Data –

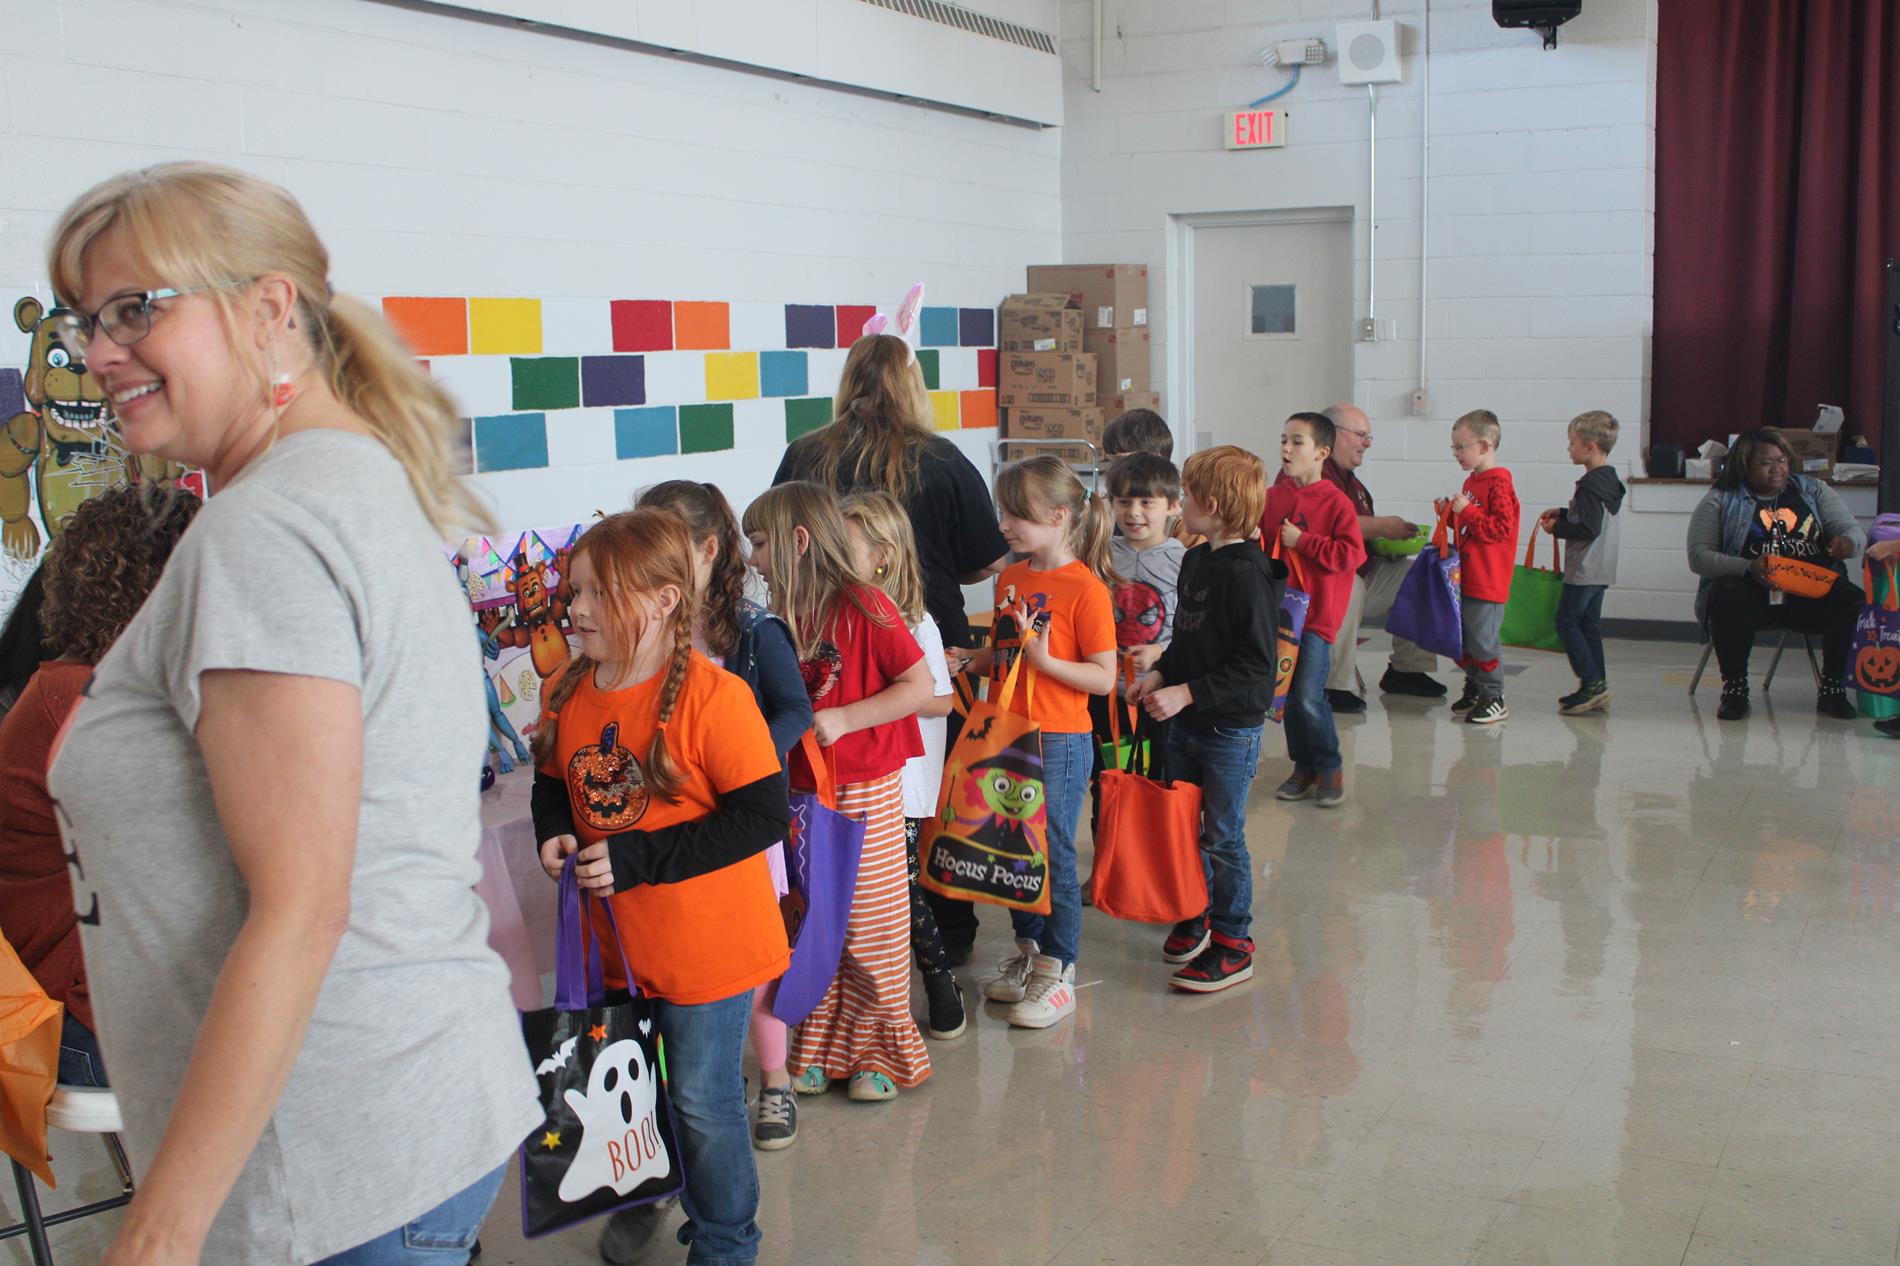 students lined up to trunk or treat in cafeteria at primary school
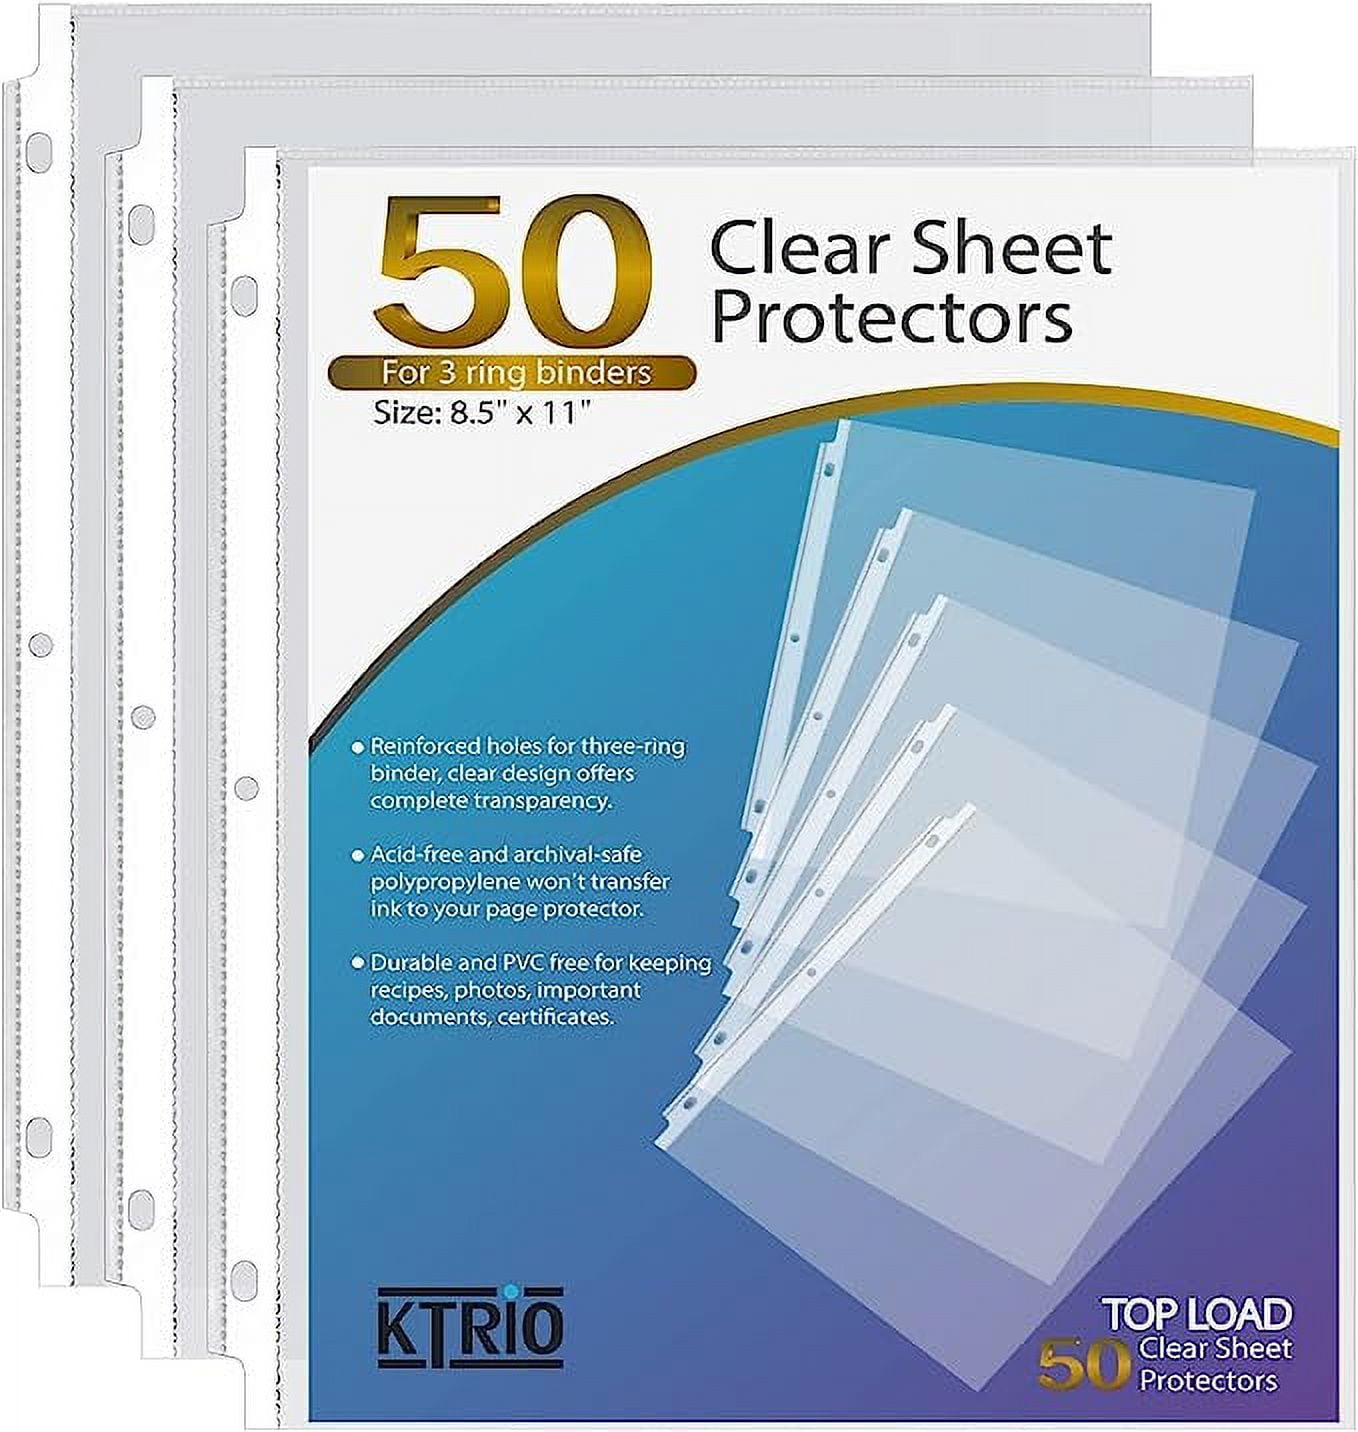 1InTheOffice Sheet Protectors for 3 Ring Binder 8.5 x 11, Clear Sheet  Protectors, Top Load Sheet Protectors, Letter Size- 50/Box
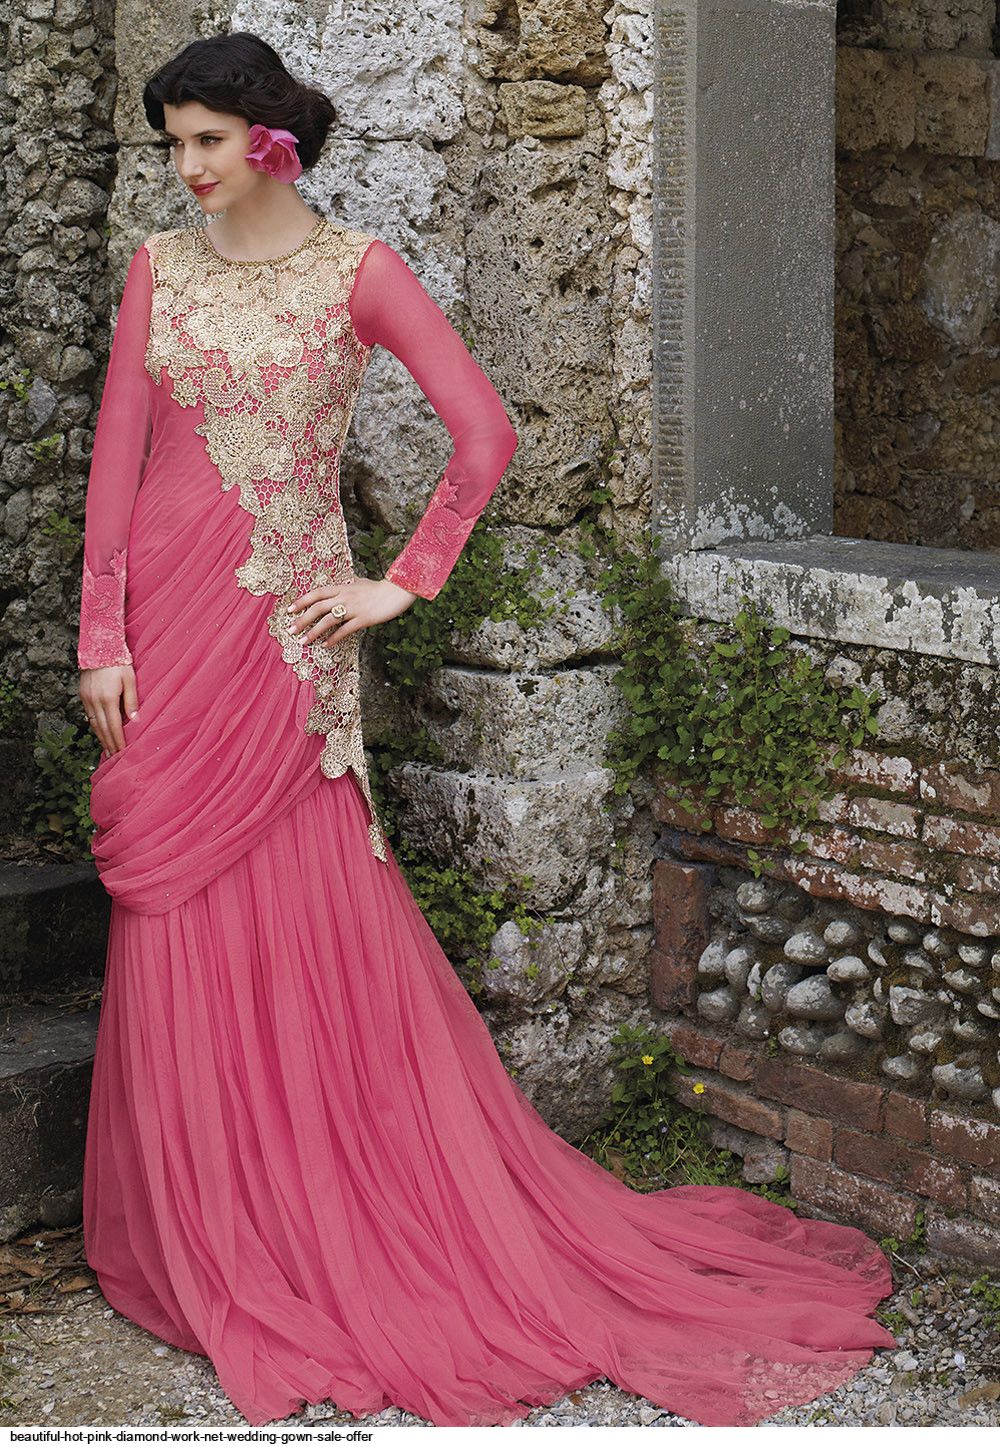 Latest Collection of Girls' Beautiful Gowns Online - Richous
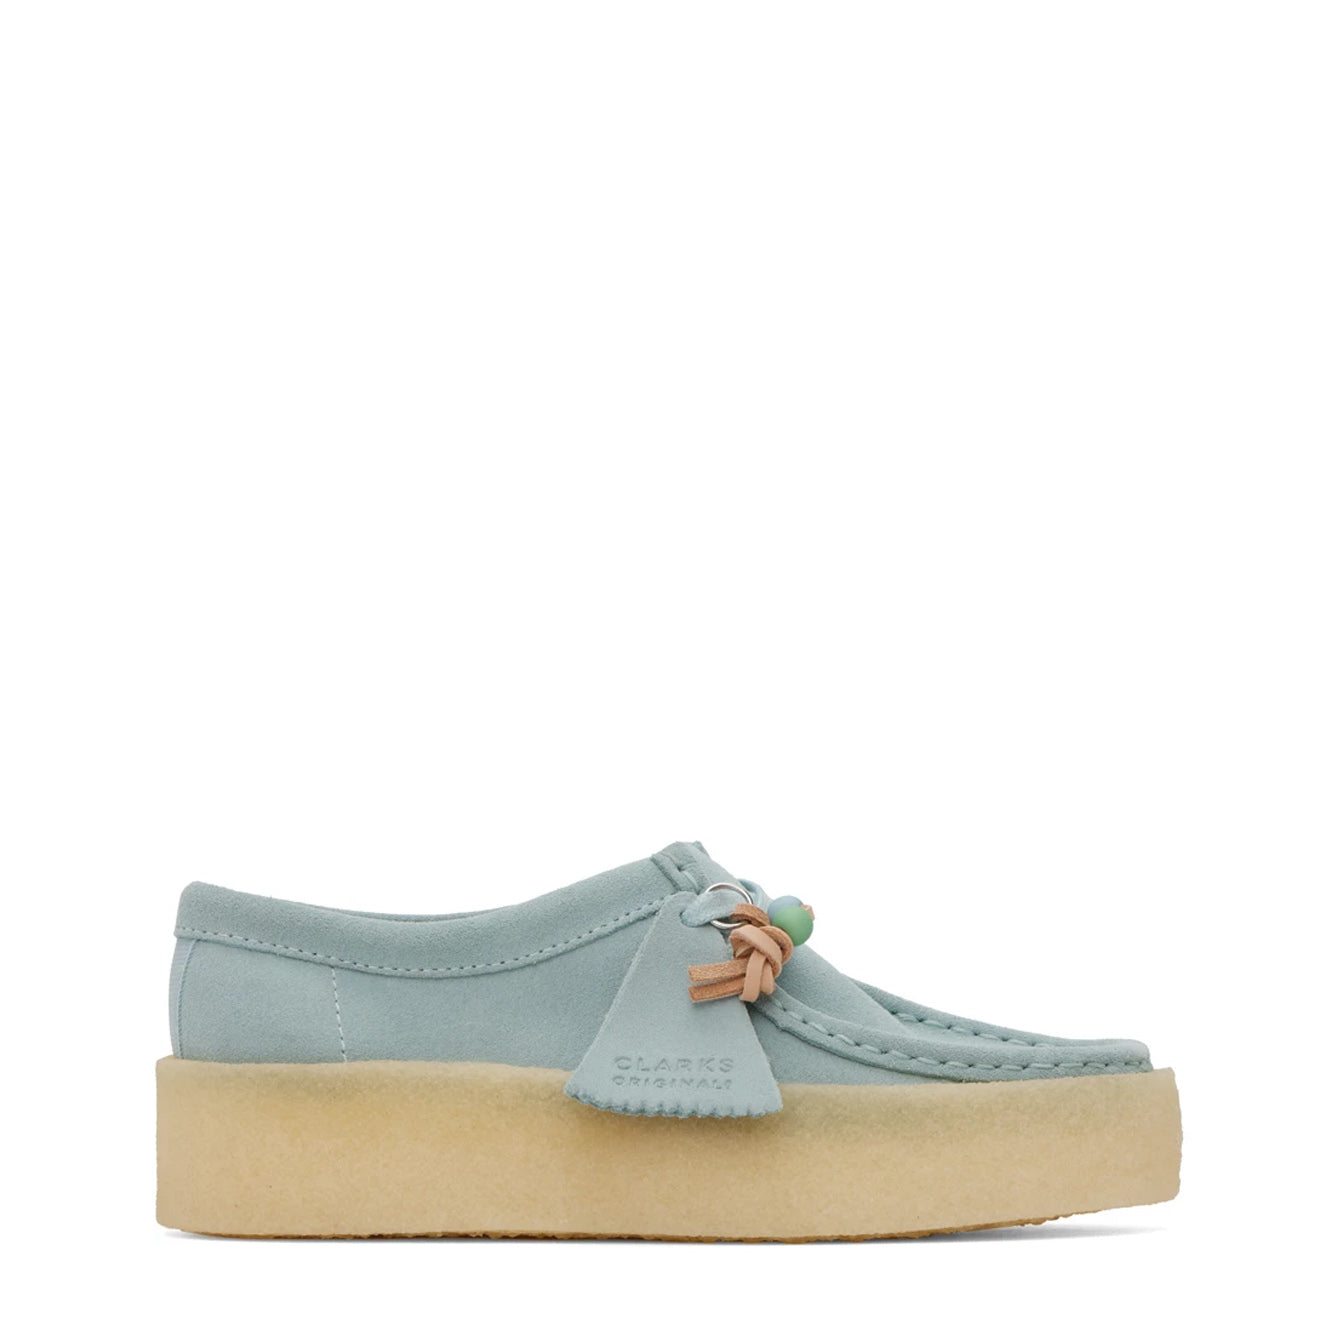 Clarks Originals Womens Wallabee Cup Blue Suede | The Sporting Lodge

Work required – Could you return the entire listing above verbatim while dropping each picture?

Response to this task –
 students lined up to trunk or treat in cafeteria at primary school
 1InTheOffice Sheet Protectors for 3 Ring Binder 8.5 x 11, Clear Sheet  Protectors, Top Load Sheet Protectors, Letter Size- 50/Box
 Latest Collection of Girls' Beautiful Gowns Online - Richous
 Clarks Originals Womens Wallabee Cup Blue Suede | The Sporting Lodge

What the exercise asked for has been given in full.